When you in input the last step console.log(groceryList); then it gives you the array it had on Step 2. This is the part I don’t understand. How does it decide it will still include Step 2’s list?

It doesn’t decide. As mentioned earlier a slice does not remove any elements from the array, so the array from Step 2 is still fully intact. Nothing has changed.

Here is an example…

const fullScale = ['do', 're', 'mi', 'fa', 'sol', 'la', 'ti', 'do'];
const tonicToFourth = fullArray.slice(0, 4);
const fifthToTonic = fullArray.slice(4)



 Native Browser JavaScript
 [ 'do', 're', 'mi', 'fa' ]
 [ 'sol', 'la', 'ti', 'do' ]
 [ 'do', 're', 'mi', 'fa', 'sol', 'la', 'ti', 'do' ]
=> undefined

Notice that the fullScale array is still what we started with? The two slices are only copies of the two ranges, bottom half and top half.

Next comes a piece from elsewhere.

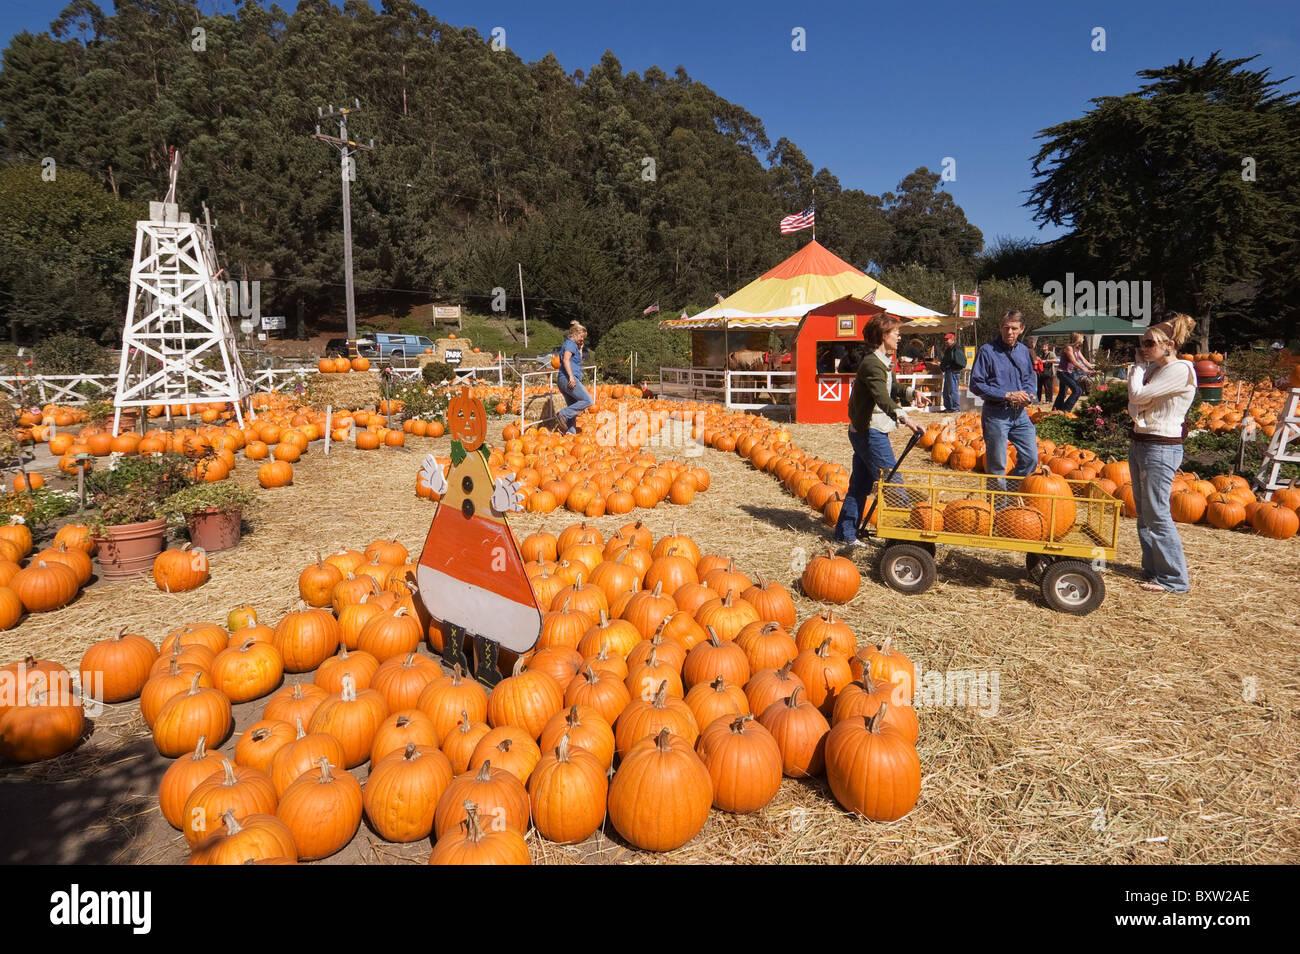 Half Moon Bay Pumpkin Festival 2020.Half Moon Bay Ca Stock Photos Half Moon Bay Ca Stock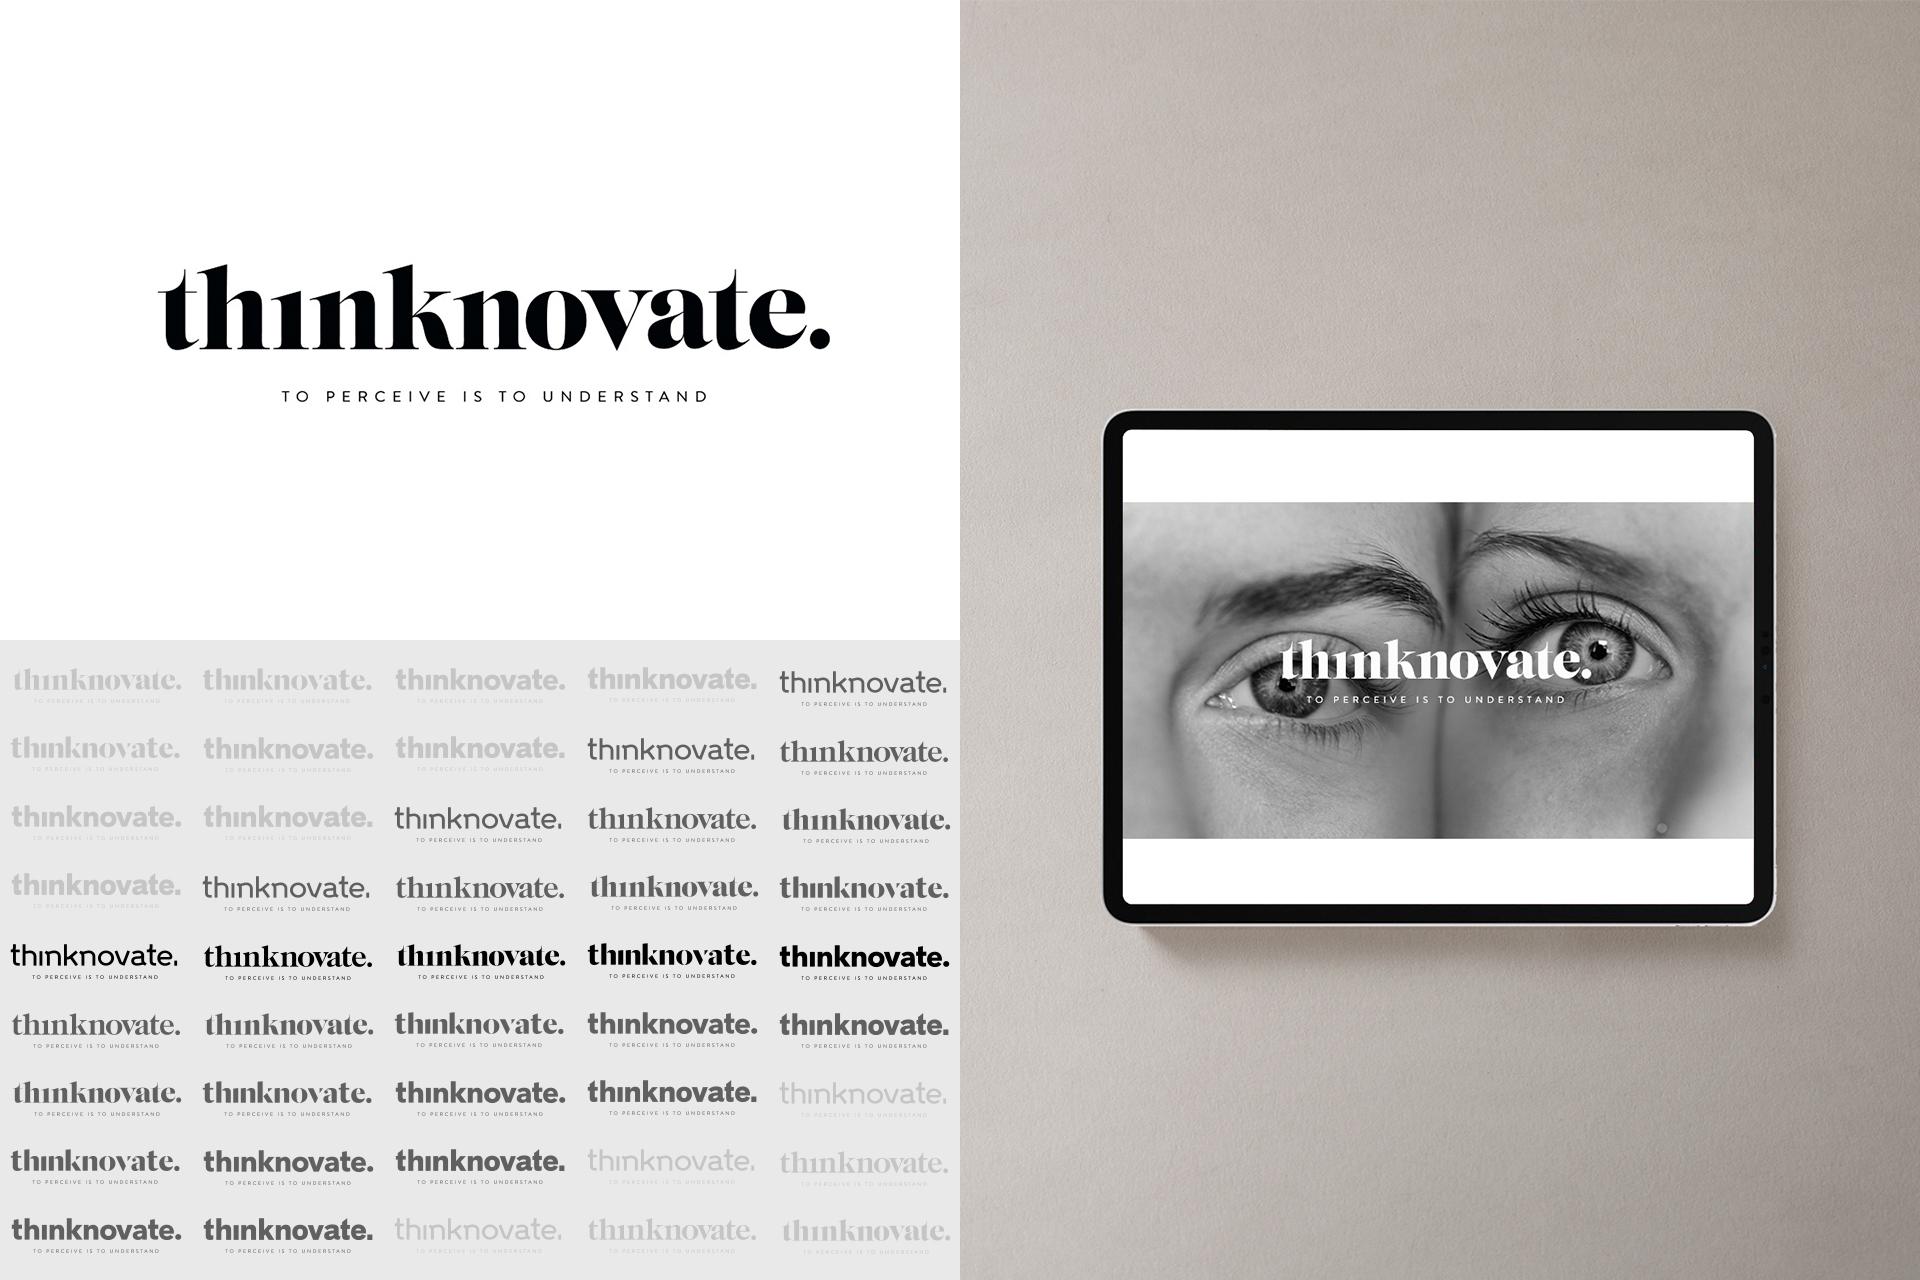 Thinknovate, Estrategia, Storytelling & Branding by Silenceworks - Creative Work

this is really a usefull answer.
I’m still confused tho about .slice() function, hope you can provide an answer one more time.

So when you call const tonicToFourth = fullArray.slice(0, 4);
why does it give you [ 'do', 're', 'mi', 'fa' ] ?
why doesnt it give you [ 'do', 're', 'mi', 'fa', 'sol' ] ?
since 0 = 'do' , 1 = 're' , 2 = 'mi' , 3 = 'fa' , 4 = 'sol' .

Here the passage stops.